- WHAT YOU NEED TO DO -
Please transcribe the data that follows without the pictures, keeping every word the same.

[SUPPLIED DATA — start]

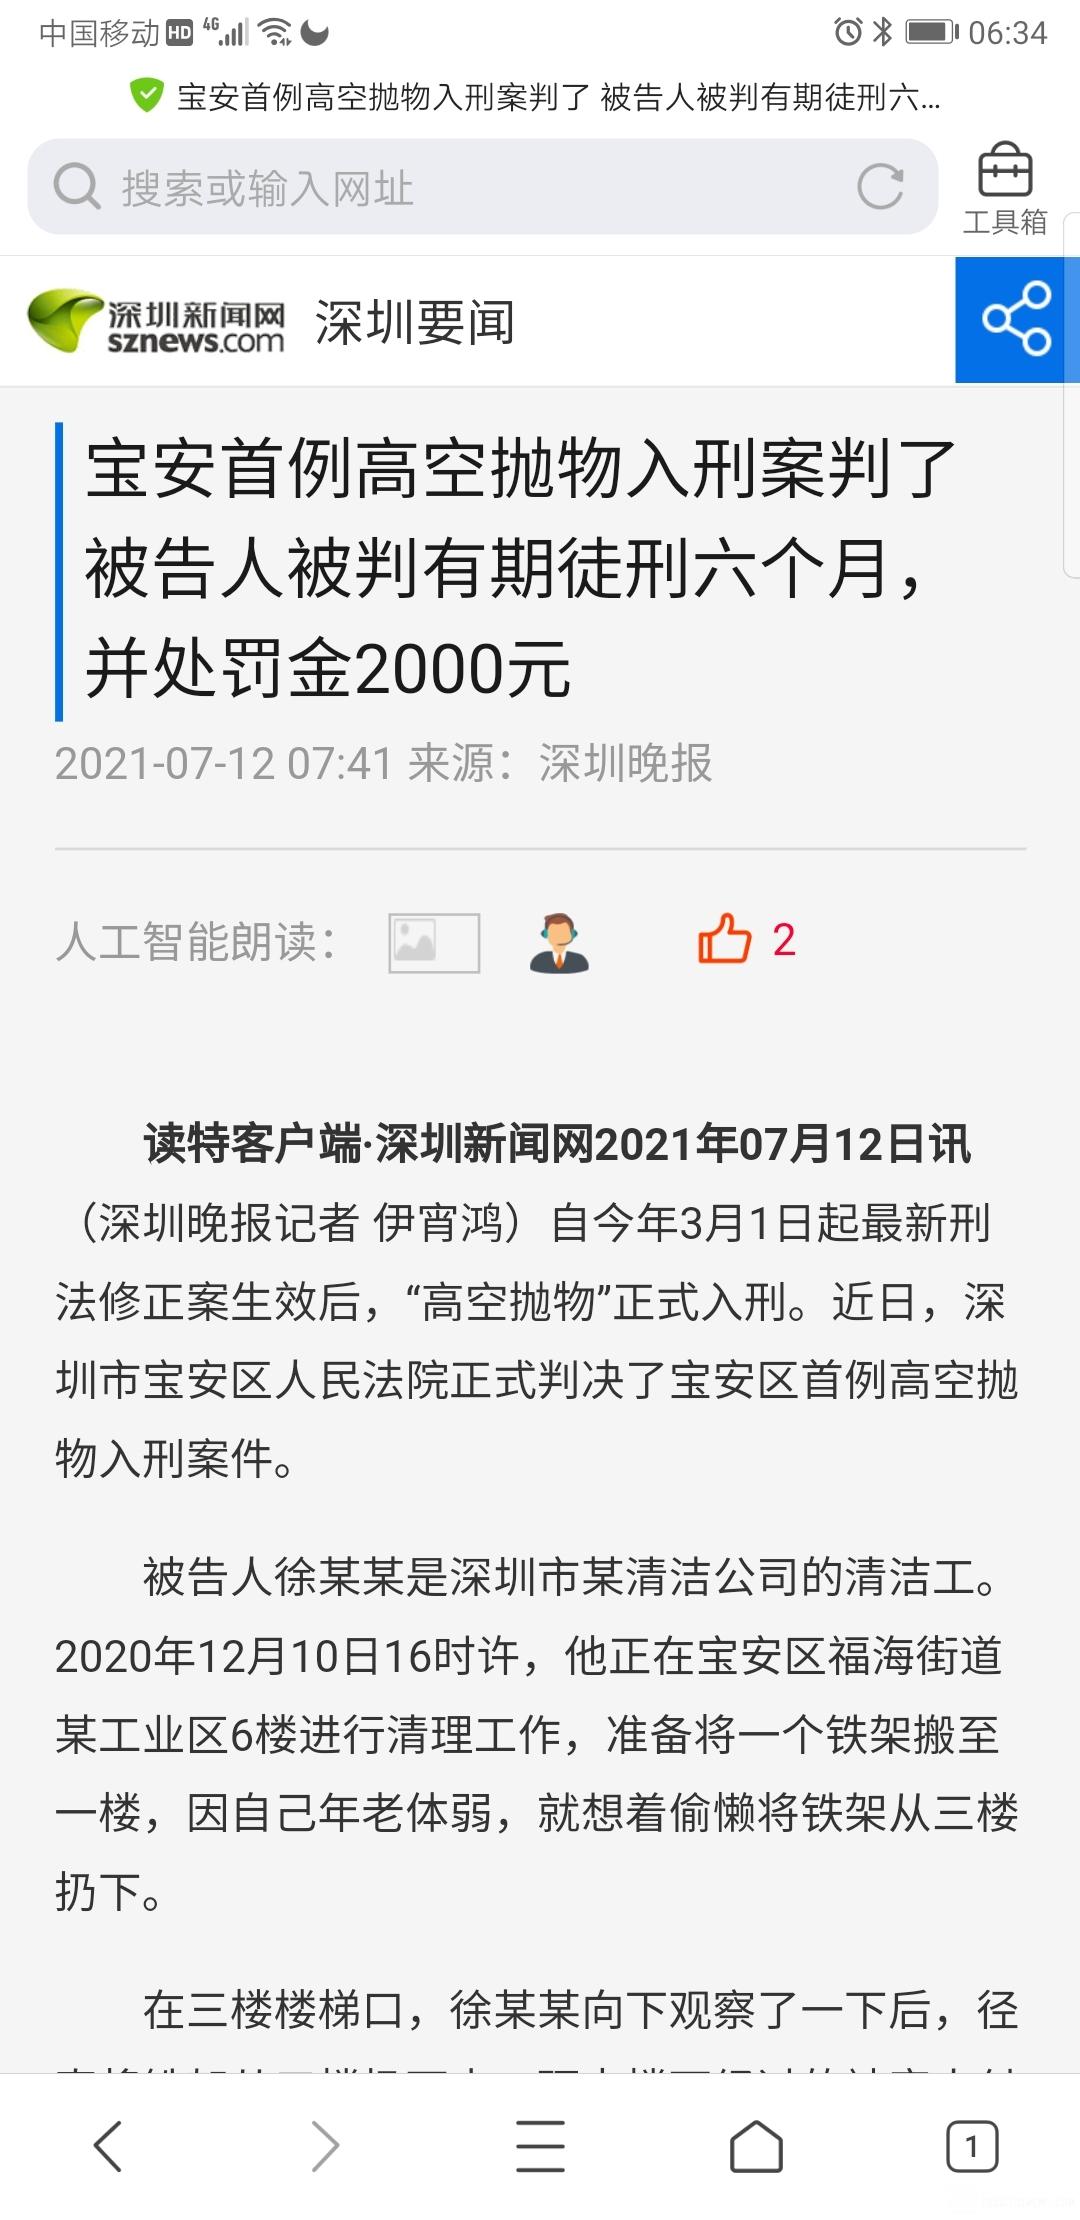 Screenshot_20210713_063412_com.tencent.mtt.jpg
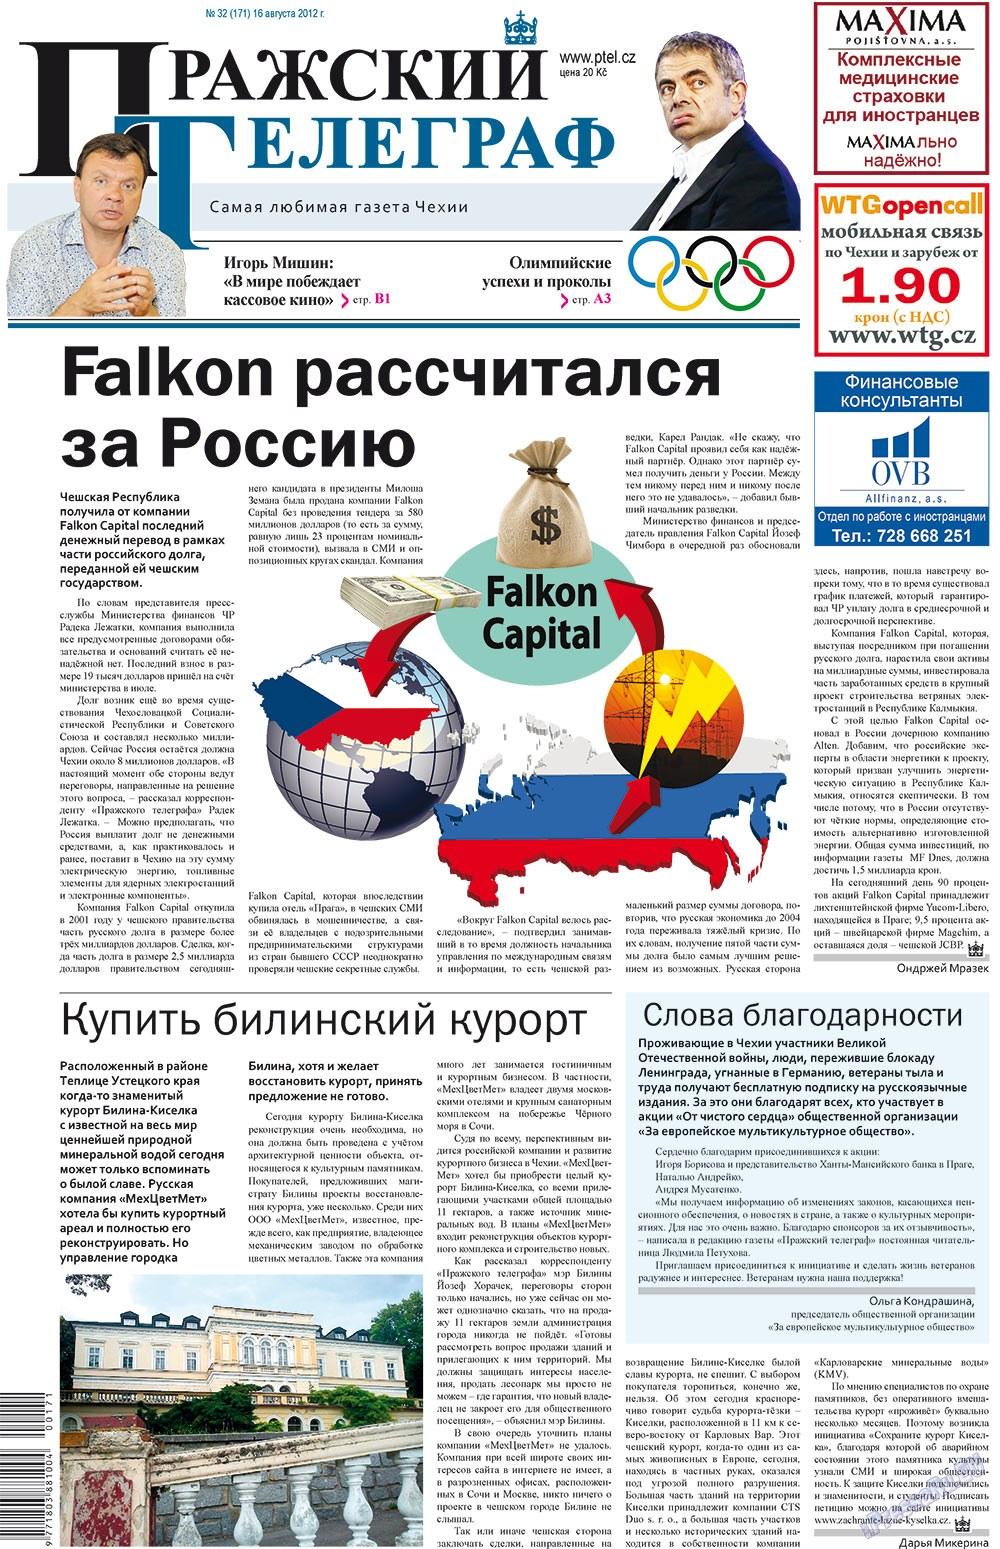 Пражский телеграф (газета). 2012 год, номер 32, стр. 1
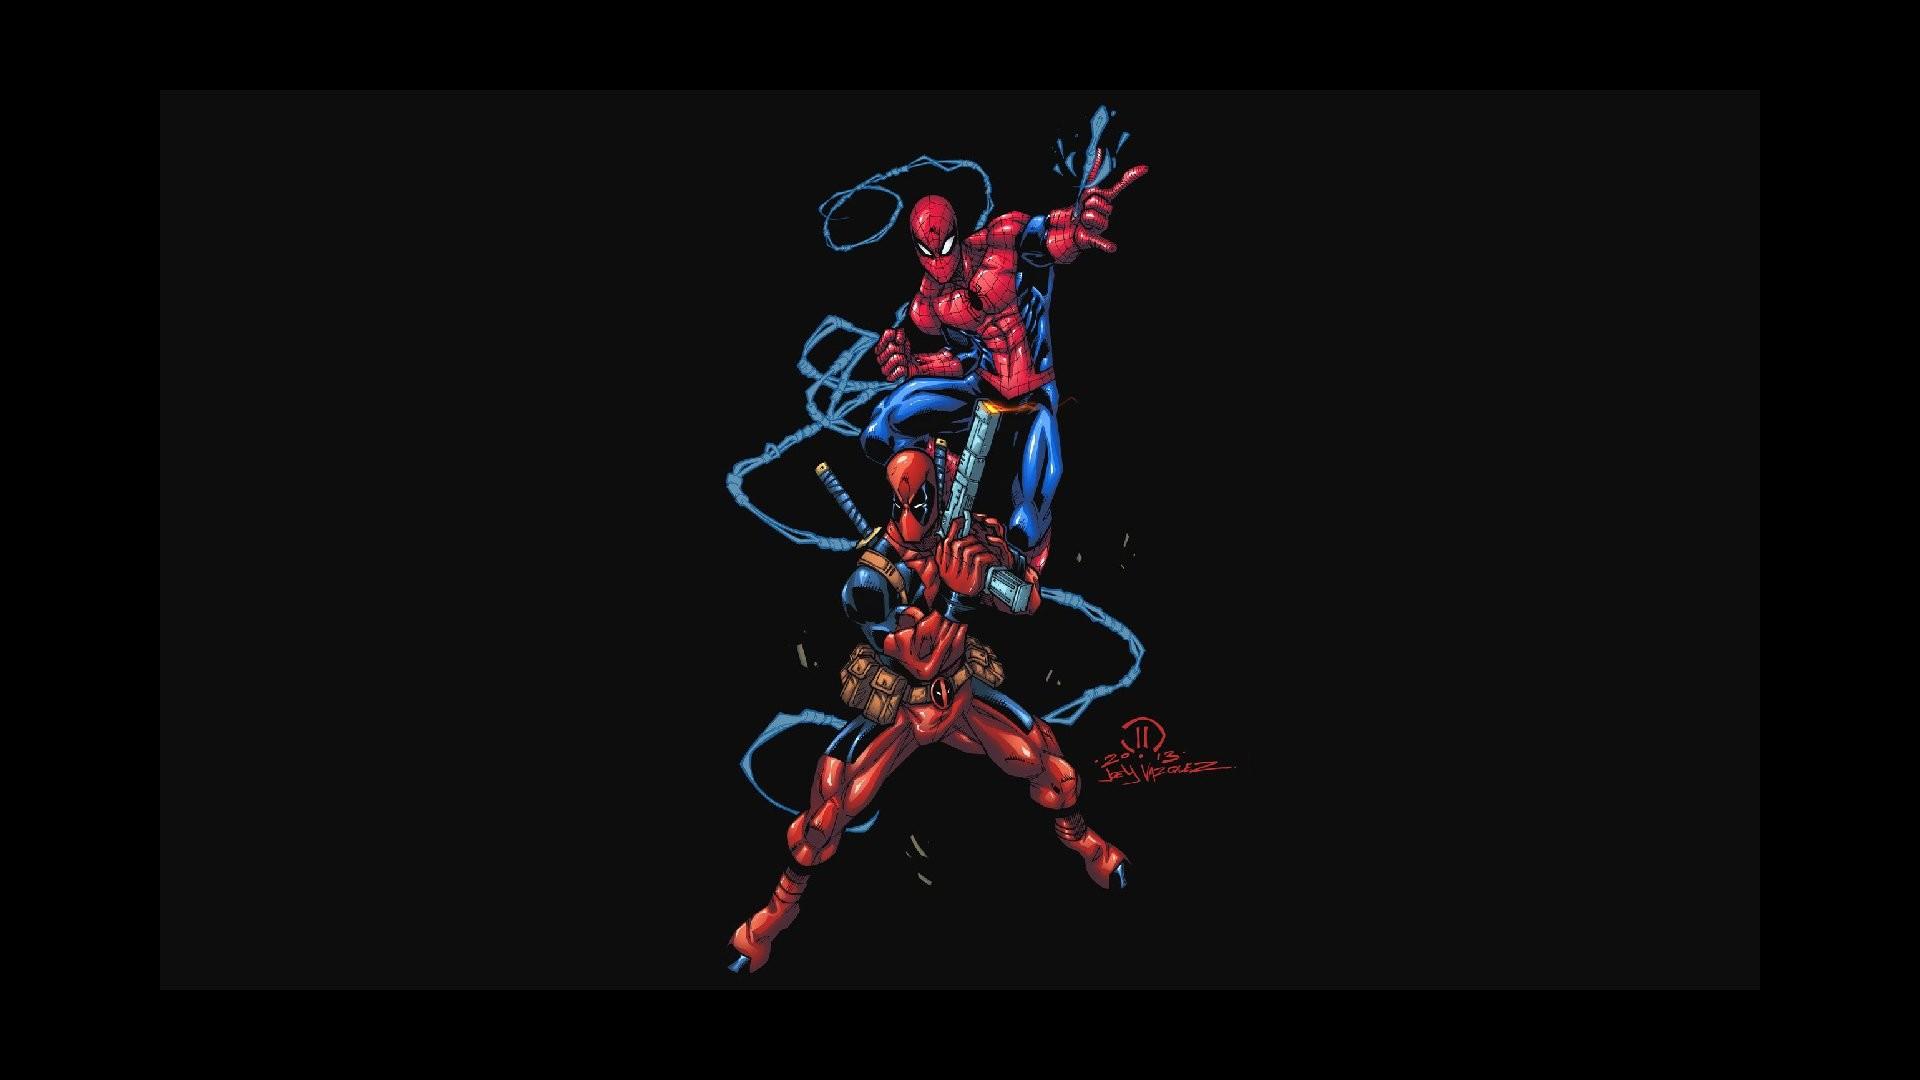 Comics – Spider-Man Deadpool Wallpaper

[SUPPLIED DATA — finish]

- REPLY TO THE TASK -
 Screenshot_20210713_063412_com.tencent.mtt.jpg
 Пражский телеграф (газета). 2012 год, номер 32, стр. 1
 Comics – Spider-Man Deadpool Wallpaper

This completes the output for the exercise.